Arne Gurtner, Equinor’s senior vice president, emphasized that the firm is “committed to reaching net zero by 2050 and is ready to invest in energy security as well as the transition to low-carbon energy sources in the coming years.” “.

He added: “Here in the UK we are building the world’s largest wind farm, Dogger Bank, and planning the world’s largest hydrogen and CCS projects.

“That said, oil and gas will continue to play an important role alongside these low-carbon systems for the next few decades.

The proposed oil fields have sparked protests from environmental campaigners (PA).

“So, while we still need oil and gas, our aim is to develop and operate projects like Rosebank with the lowest possible carbon footprint to support UK investment, local jobs and energy conservation.
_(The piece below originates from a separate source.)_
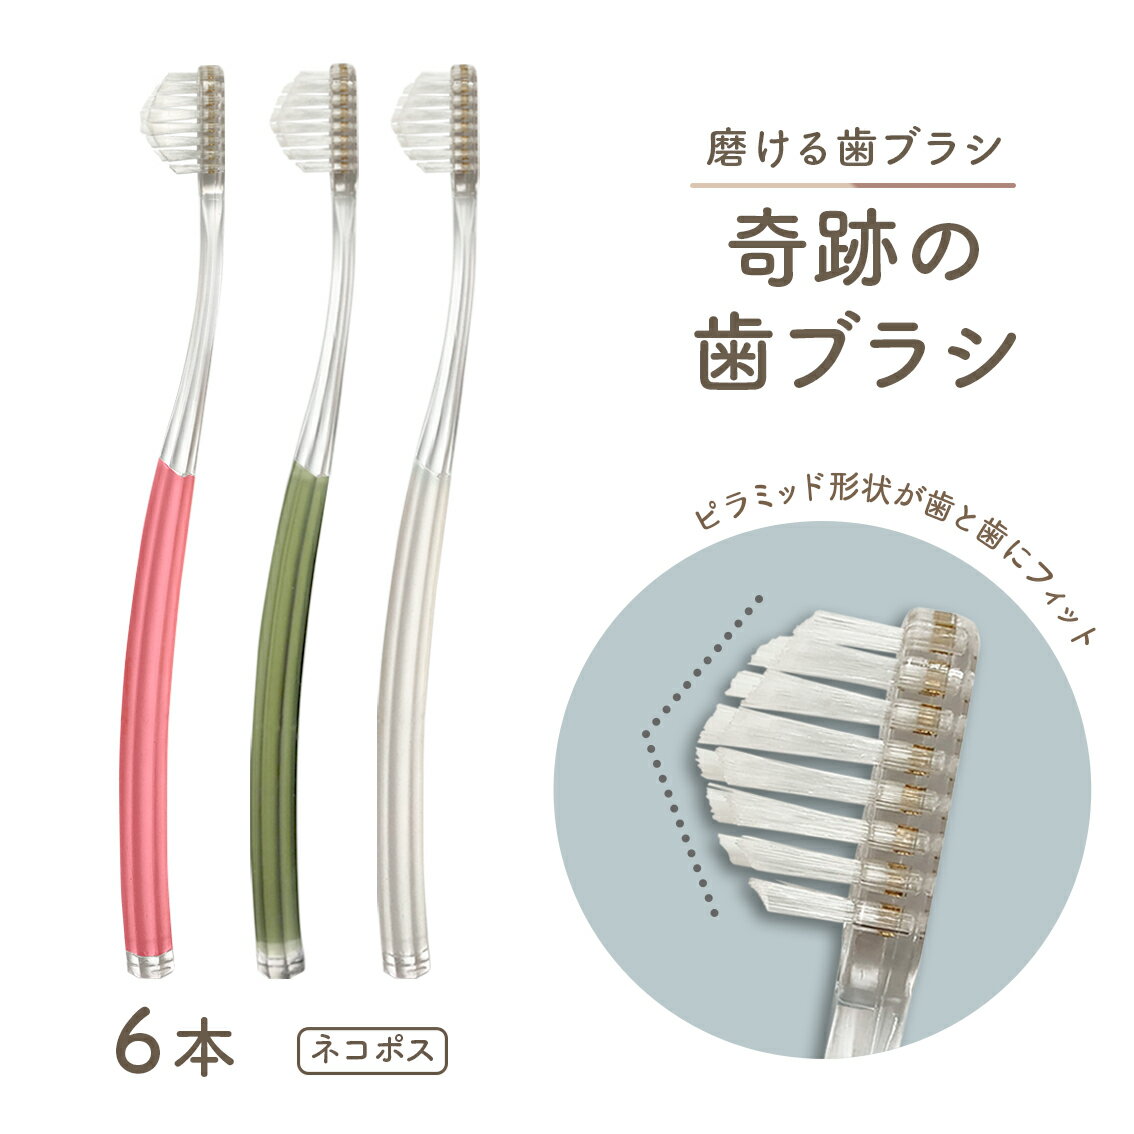 公式奇跡の歯ブラシ 6本セット ネコポス 簡単 磨ける

In case, it is to bring maximum value to the society.”

Deirdre Michie, chief executive of OEUK, said: “Rosebank’s development will benefit UK energy security and the entire Scottish economy.

“In human terms it will create hundreds of jobs, support training and boost regional supply chain development.

“People working on this project will also develop the engineering and other skills needed to expand offshore wind and other low-carbon energies.”

But Philip Evans of Greenpeace UK said: “This is what happens when the government helps oil companies with tax breaks.

“If the Rosebank goes ahead, it will do nothing to help drivers or households with rising prices, because oil does not belong in the UK and goes to the global market.”

With Greenpeace already bringing a legal challenge to Jackdaw’s planned development in the North Sea, Mr Evans said: “We will fight the bank every step of the way, and urge the Government to deliver quick, cheap Take action with solutions that will actually help.The cost of living crisis and the climate emergency – renewables, home insulation and heat pumps.

“Developing new oil and gas fields in the face of the climate emergency is the height of irresponsibility,” said Scottish Green MSP Mark Ruskell.

He added: “Scotland has huge potential for renewable energy. The UK Government’s failure to invest in it, and instead doubling down on oil and gas, is a sad indication of its priorities for the future. Vali is focused on short-term profits over the welfare of generations.”